Reputation: 360
My question is similar to this one but the answer seems to work not entirely!!
merge rows pandas dataframe based on condition
Given the following pandas Dataframe:
+---------+-----------------+-----------------+
| SECTION | TEXT | NUMBER_OF_WORDS |
+---------+-----------------+-----------------+
| ONE | lots of text… | 55 |
+---------+-----------------+-----------------+
| ONE | word1 | 1 |
+---------+-----------------+-----------------+
| ONE | lots of text… | 151 |
+---------+-----------------+-----------------+
| ONE | word2 | 1 |
+---------+-----------------+-----------------+
| ONE | word3 | 1 |
+---------+-----------------+-----------------+
| ONE | word4 | 1 |
+---------+-----------------+-----------------+
| TWO | lots of text… | 523 |
+---------+-----------------+-----------------+
| TWO | lots of text… | 123 |
+---------+-----------------+-----------------+
| TWO | word4 | 1 |
+---------+-----------------+-----------------+
If the value in the NUMBER_OF_WORDS column is 1; it has to be combined with the above row; provided they have the same SECTION value.
Thus the final result should be like this:
+---------+--------------------------------------+-----------------+
| SECTION | TEXT | NUMBER_OF_WORDS |
+---------+--------------------------------------+-----------------+
| ONE | lots of text…, word1 | 56 |
+---------+--------------------------------------+-----------------+
| ONE | lots of text…, word2, word3, word4 | 154 |
+---------+--------------------------------------+-----------------+
| TWO | lots of text… | 523 |
+---------+--------------------------------------+-----------------+
| TWO | lots of text…, word4 | 124 |
+---------+--------------------------------------+-----------------+
Here is the code; which seems to work but not as I want it.
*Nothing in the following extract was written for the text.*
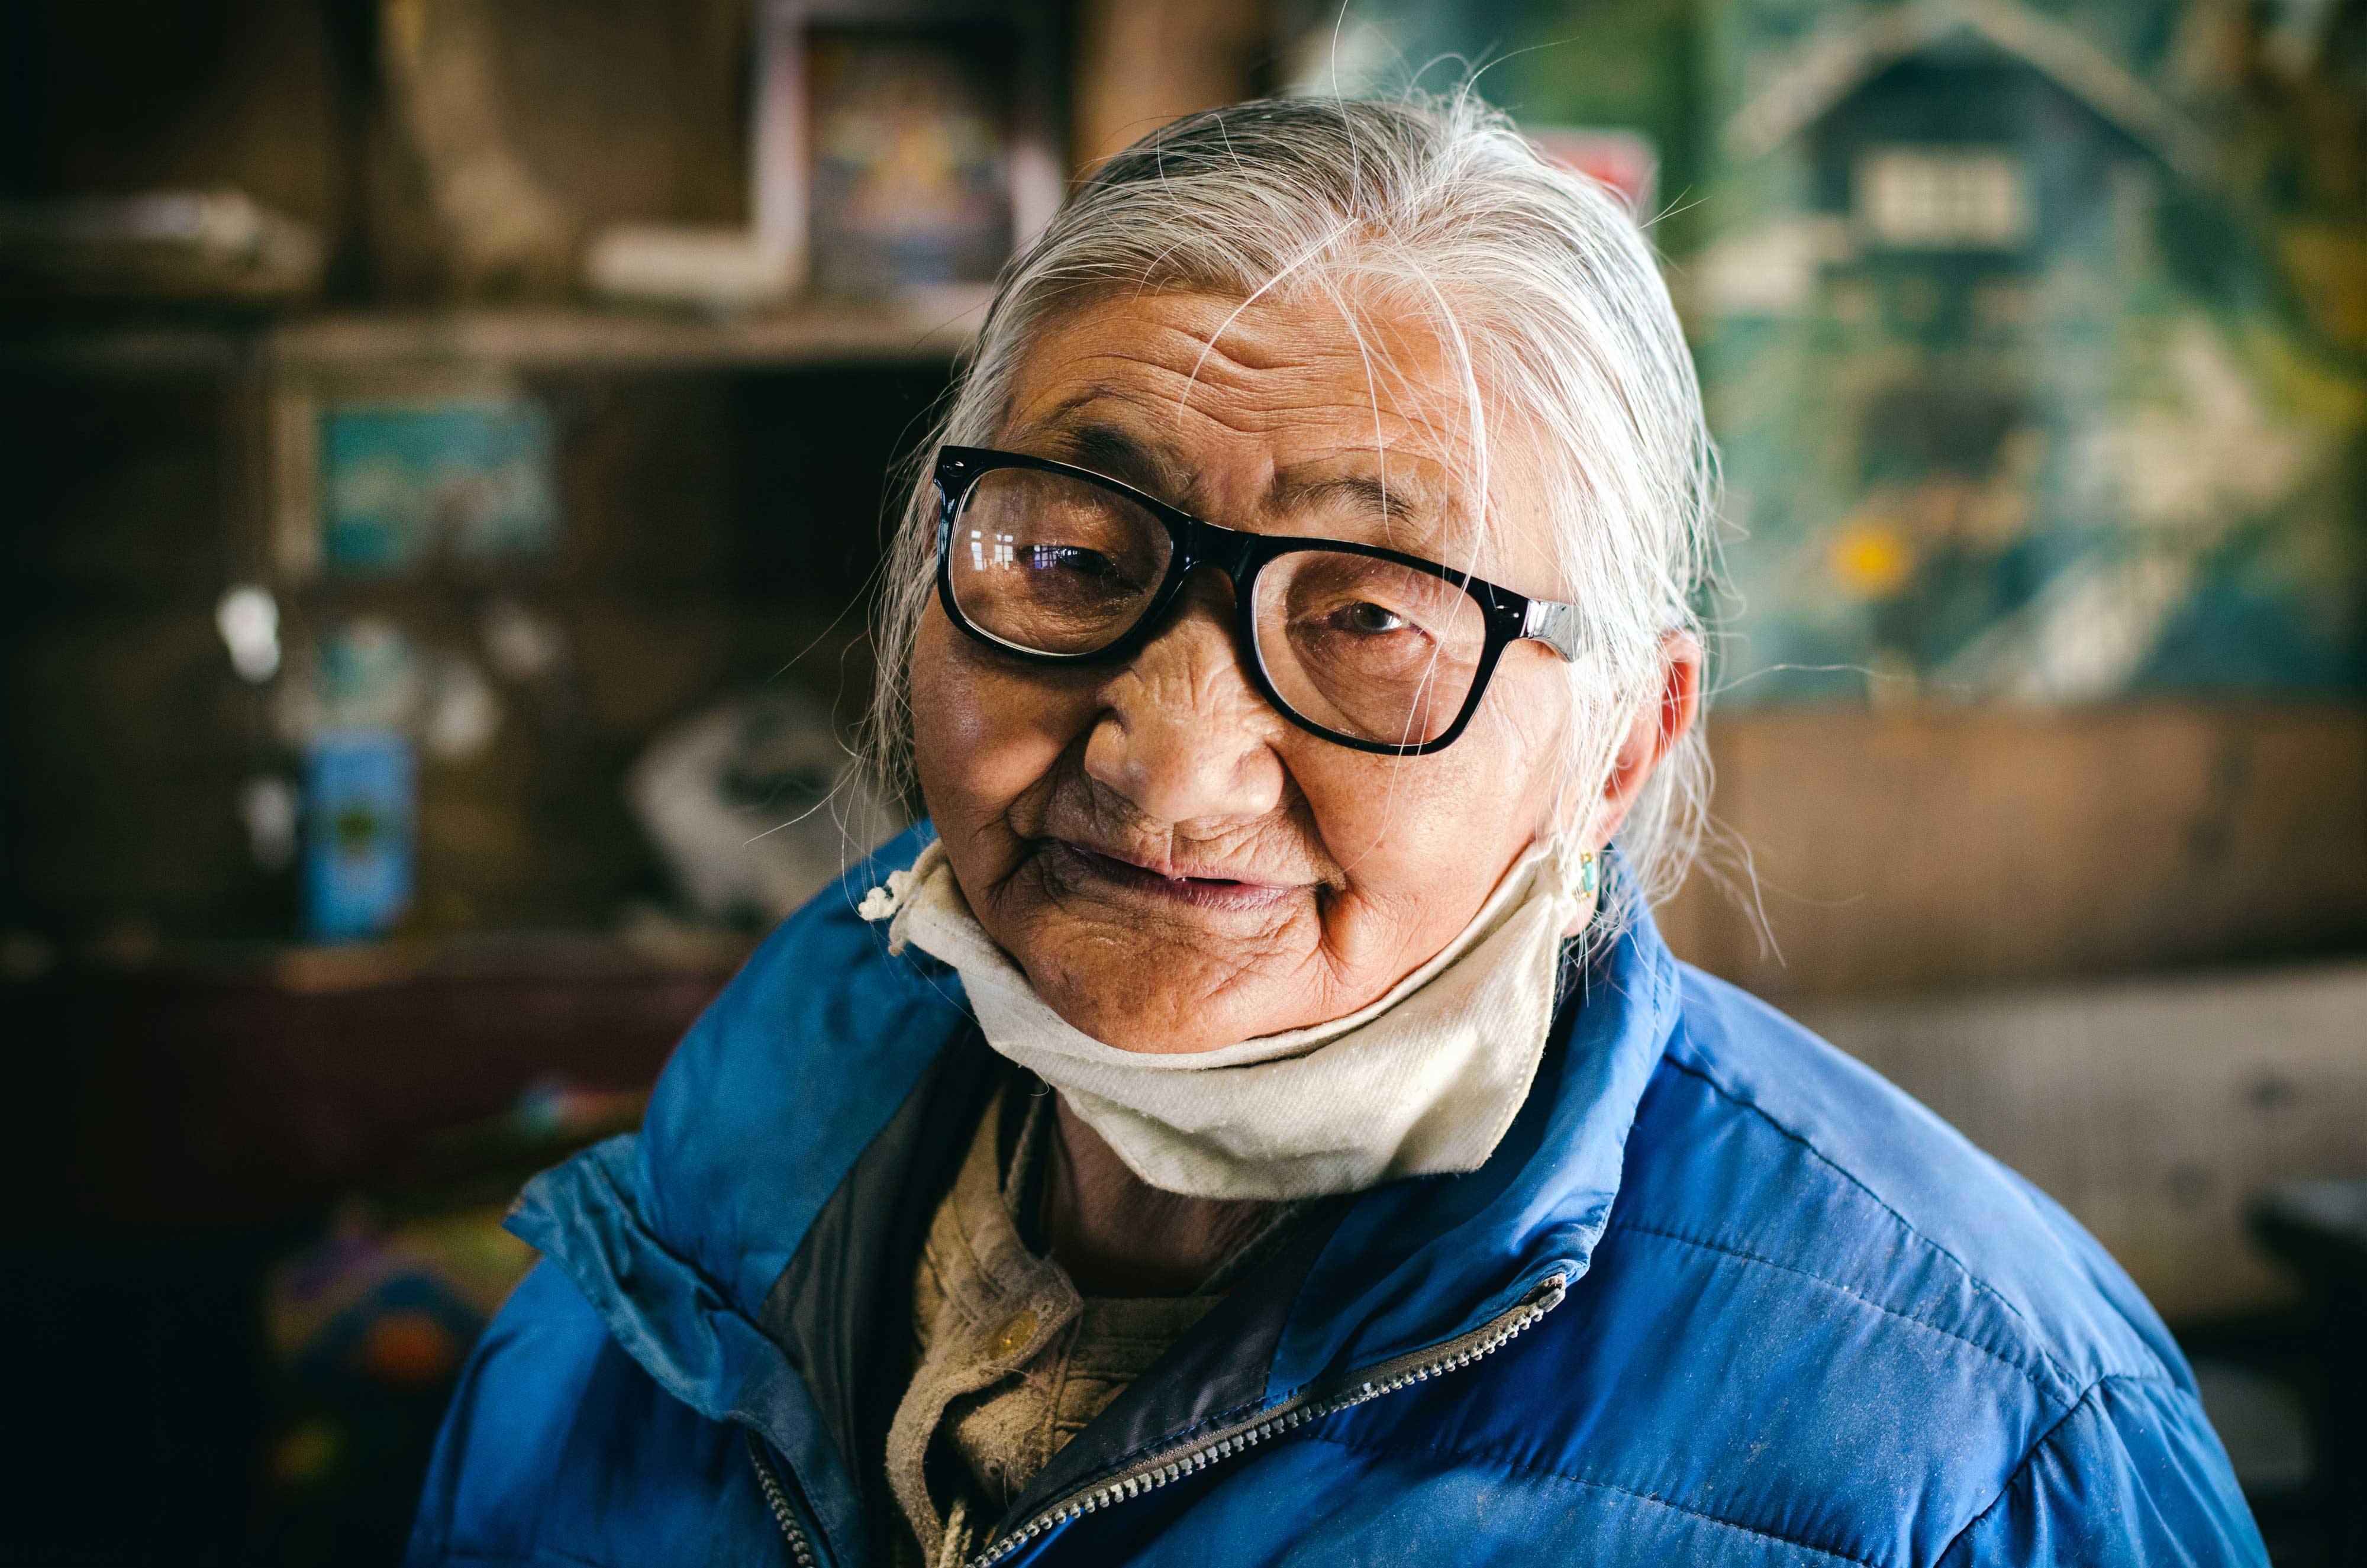 Old Lady with spectacles
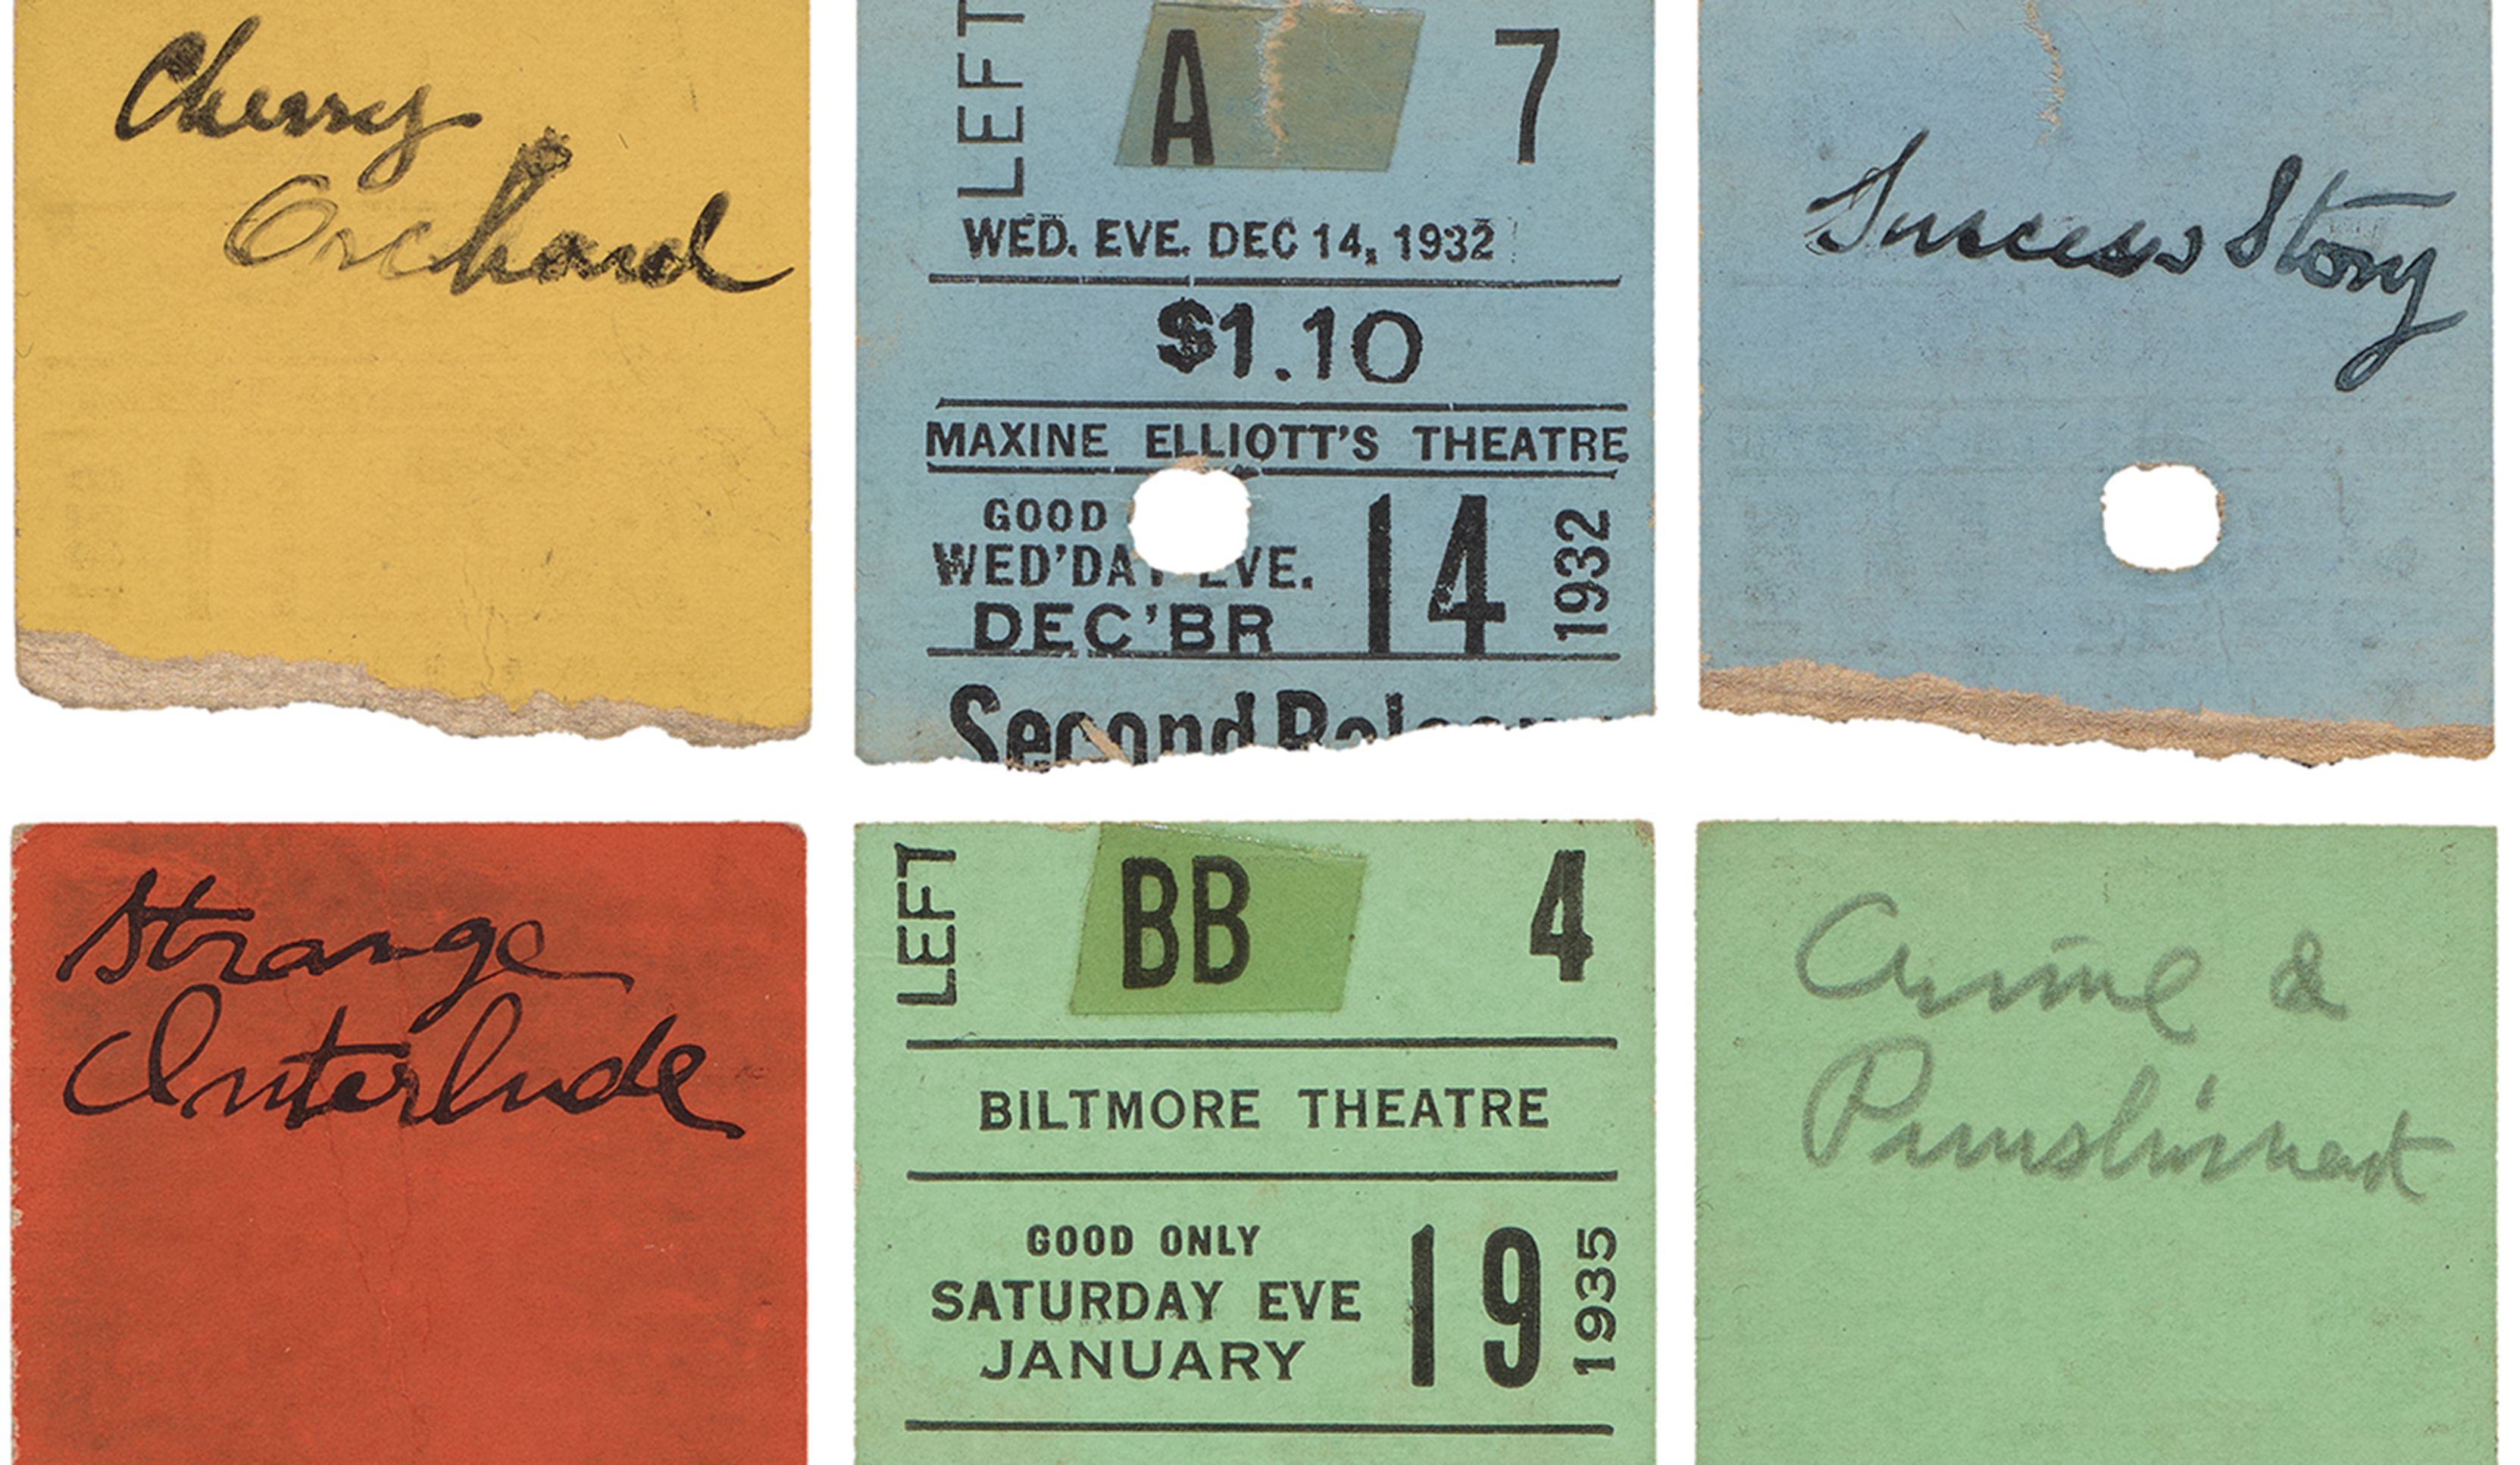 Colorful ticket stubs

df.groupby(['SECTION', (df.NUMBER_OF_WORDS.shift(1) == 1)], as_index=False, sort=False).agg({'TEXT': lambda x: ', '.join(x), 'NUMBER_OF_WORDS': lambda x: sum(x)})
UPDATE
This is the answer from BEN_YO; but he seems to have a minor typo. for the sake of making this question answered for future users I am going to include his answer slightly modified.
s = df['NUMBER_OF_WORDS'].ne(1).cumsum()
out = df.groupby(s).agg({'SECTION': 'first','TEXT': lambda x: ', '.join(x),'NUMBER_OF_WORDS': lambda x: sum(x)})
Upvotes: 3
Views: 2421
Reputation: 323396
Let us try groupby
with cumsum
s = df['NUMBER_OF_WORDS'].ne(1).cumsum()
out = df.groupby(s).agg({'SECTION':'first','TEXT':','.join,'NUMBER_OF_WORDS':'sum'})
Upvotes: 2